# Thompson Sampling

I recently attended a talk by David Simchi-Levi of MIT, where he discussed an approach to online price discovery for inventory, to maximize some objective, such as profit. The scenario was where one could observe whether inventory was sold or not-sold to for each potential buyer in the marketplace, giving an empirical view of demand-behavior as a function of price. The optimal setting in selling the inventory is one that maximizes price x liquidation probability.

When we have no knowledge about the true demand for inventory as a function of price, we must start with some prior estimate in the form of a sold/unsold distribution (the demand function in terms of price) and modify this online during the selling period. The setup of the problem is then:

- have a fixed period in which can sell the inventory
- can observe whether a prospective buyer bought at offer price or rejected the price as too high
- determine a number of different selling price levels & some prior on their respective probability of sale at each price, starting with a uniform distribution.

This can be modeled as the 1-armed bandit problem, where we decide amongst n bandits (slot machines), determining which slot machine gives the highest payout through iteratively adjusting our model based on observations.

In determining the optimal price, can formulate as a sequence of bandits: a sequence of prices ranging from low to high. Associated with each price is a distribution which represents our view on the demand associated with this price (i.e. the probability of sale). With no prior, can start with an equi-probable view on demand across prices, starting with an initial Beta distribution on at each price level of B(α=1,β=1).
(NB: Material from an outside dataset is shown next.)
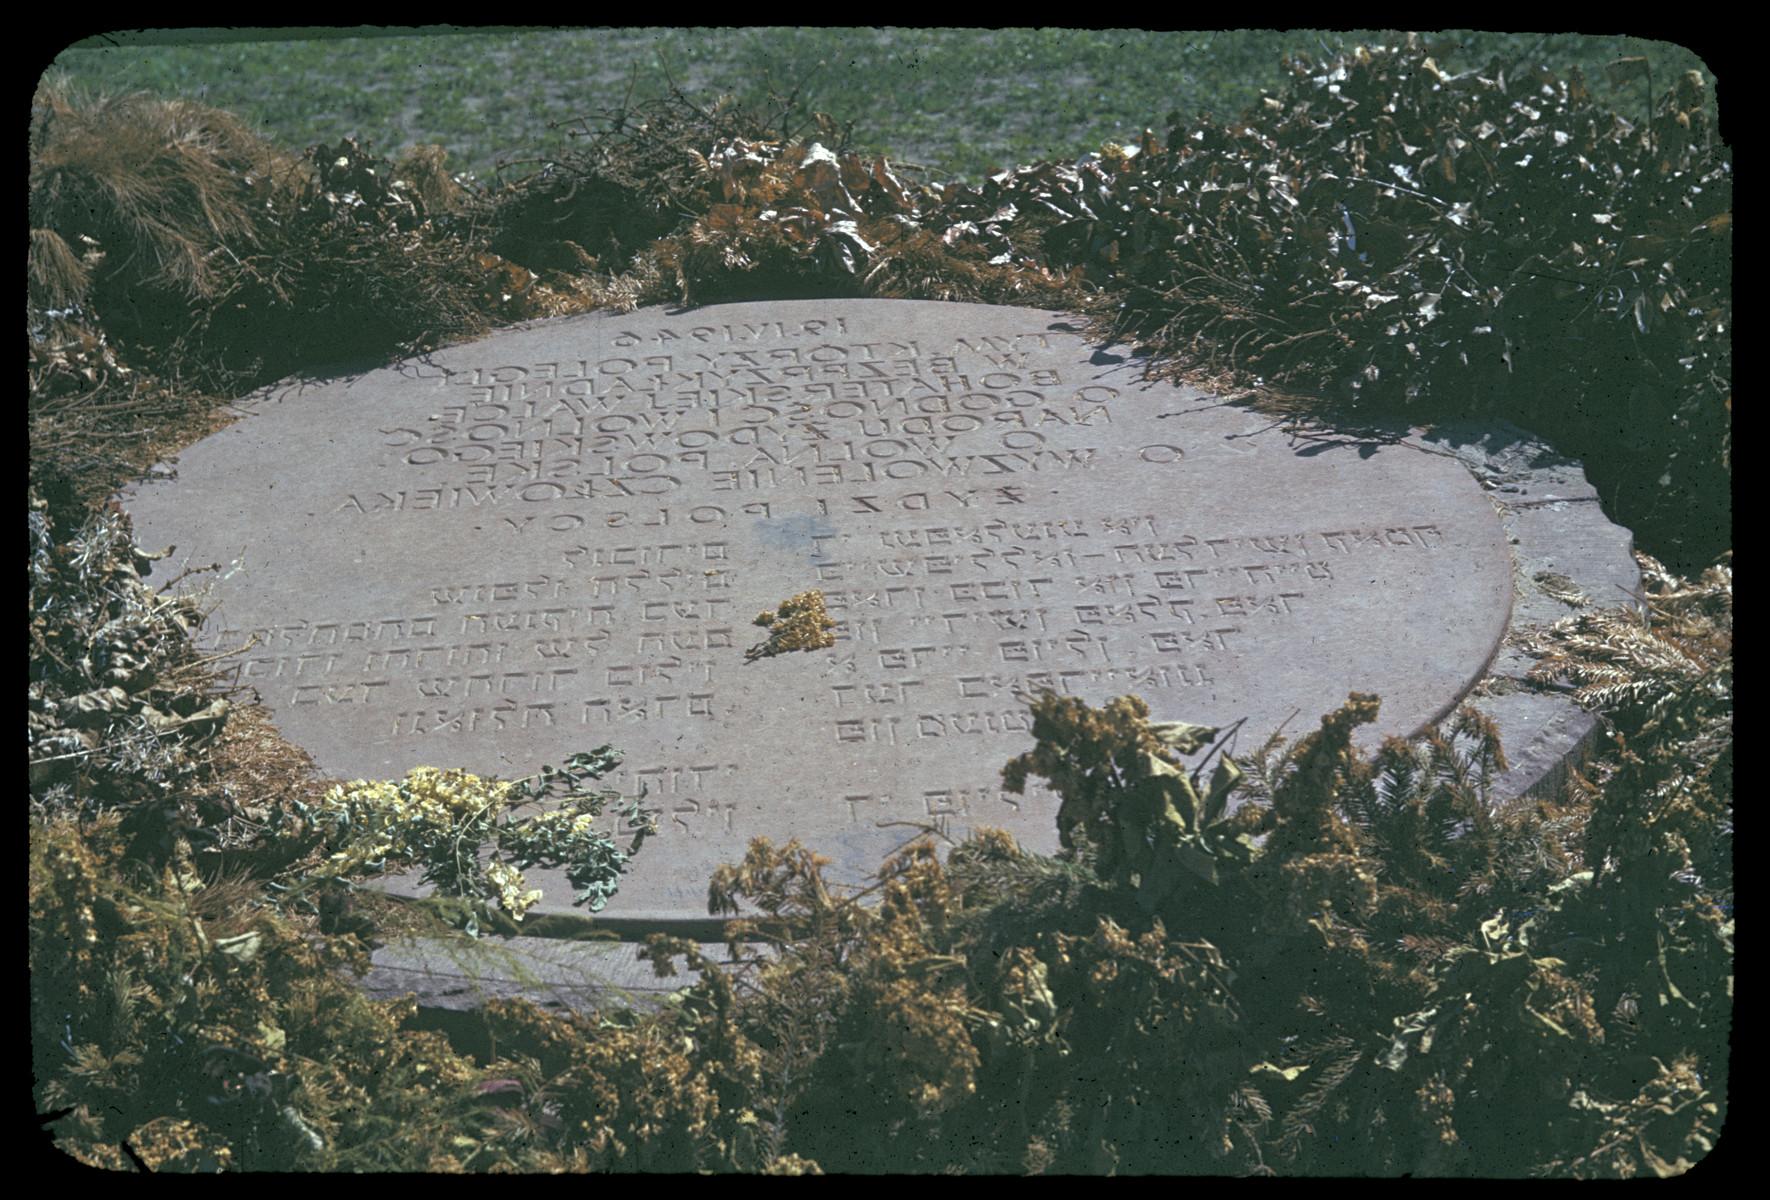 Memorial to the dead in the Warsaw ghetto.

Rather than provide the formal setup for Thompson sampling, will illustrate its use for the above problem. The sold/unsold distributions & selection of price can then be evolved as follows:

- take a sample from each distribution associated with a price (representing the probability of sale at a each given price)
- choose the ith price (1-armed bandit) that maximizes the objective: p(sale[i]) * price[i], where p(sale) is the sampled probability from each demand/price distribution
- offer the ith price to the marketplace
- the unit of inventory is observed to be sold or unsold
- adjust the beta distribution associated with price[i] (the price used in the offer) as follows:
- if sold: B’ = B (α+1, β)
- if unsold: B = B(α, β+1)

The net effect over time is that the distributions will converge such that the optimal bandit (associated with optimal price) will offer the highest probability in sampling or at least the highest expectation (price x p(sold)). The approach (Thompson Sampling) has many applications in finance for online optimisation. Definitely going to be part of my toolset going forward.